Cost awareness. GPT-4o with 10 tool call iterations per incident adds up. For high-volume alert environments, consider using a cheaper model for initial triage and only escalating to GPT-4o for complex cases. See our guide on reducing OpenAI API costs.
The Bigger Picture
This isn't just a cool demo. Teams at companies like Cortex, Incident.io, and various stealth startups are shipping this in production today. The HN thread that sparked this trend showed engineers reporting 60% reduction in 2 AM pages and MTTR dropping from 45 minutes to under 10 for common failure patterns.
The on-call engineering role is not going away. But the tier-1, pattern-matching, runbook-execution part of that role? That's automatable right now, with tools that exist today, deployed in a weekend.

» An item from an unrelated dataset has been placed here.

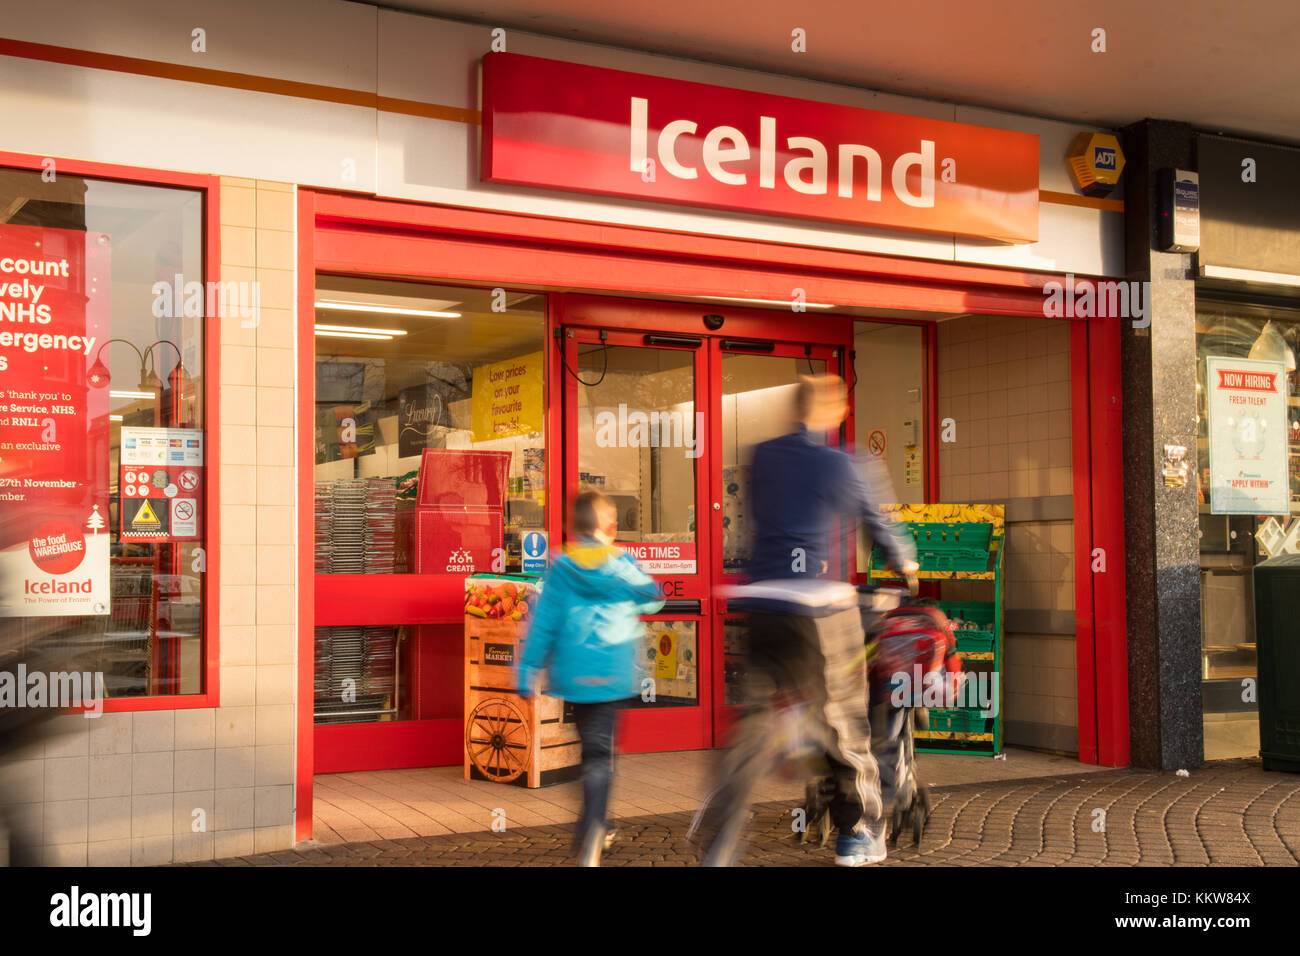 Iceland foods shop storefront - UK - Stock Image

The engineers who build these systems aren't replacing their teams — they're making their teams' lives dramatically better. And in a market where on-call burnout is a top reason senior engineers quit, that's not just a technical win. It's a retention strategy.
Start small. Pick your three most common alert types. Write the runbook logic into the system prompt. Add the kubectl tools. Test it on staging alerts. Deploy with read-only permissions first. Then iterate.
The 2 AM pages aren't going to stop. But they can stop waking you up for the ones that don't need you.